The review notes that following the internal audit report of March 2005 the issues identified “were not then addressed effectively or in a timely manner”. There was also poor compliance with controls introduced at the time.
This theme echoes through the review.
Responsibility for many decisions, and follow up on agreed actions, rested with committees and not with individuals: “management by committee” is the report’s term.
Line management also procrastinated over whether to invest in the business or to pull out altogether.
Risk management did not report “relevant issues” to the chief executive or the board.
As a result of this affair eight staff of ANZ lost their jobs late last week. Among them are Peter Hodgson, group head of institutional banking since June 2007. Hodgson used to be head of group risk.
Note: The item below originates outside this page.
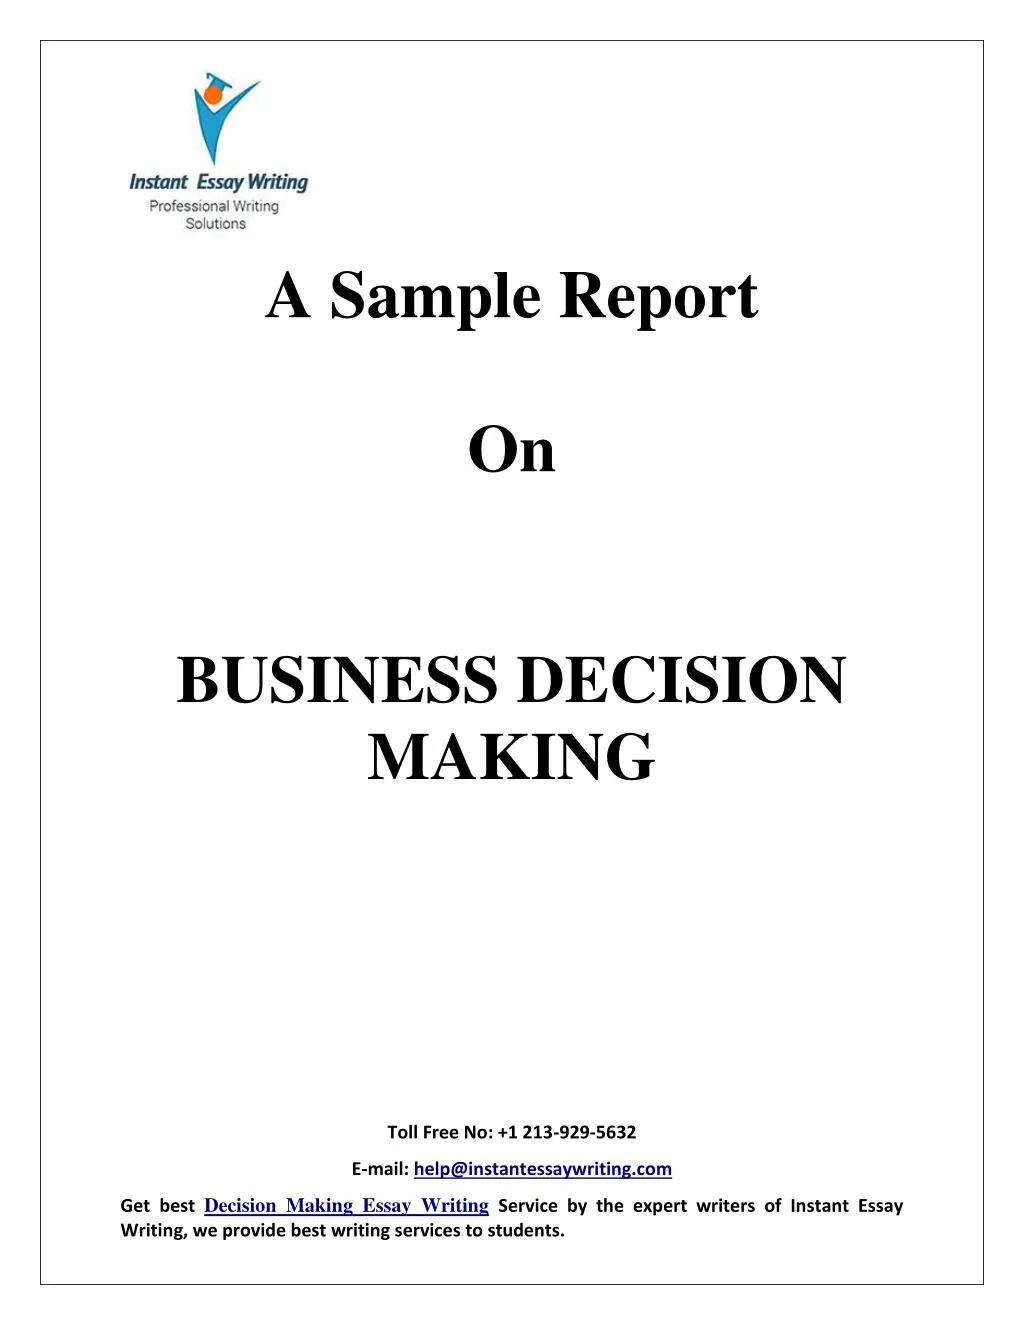 a sample report on business decision making

Also out the door is David Stephen, the current head of group risk.
Chris Page, the head of risk for ANZ covering Asia Pacific and a former executive of HSBC, will take over as head of group risk. Alex Thursby, the head of ANZ Asia Pacific, will also look after institutional while the bank seeks a replacement for Hodgson.
ANZ’s provisions to date in relation to Opes Prime are a little vague but appear to be small (though the compliance costs and litigation costs since then may be substantial).
The review cites a provision of $70 million in connection with the bank’s loan to Primebroker.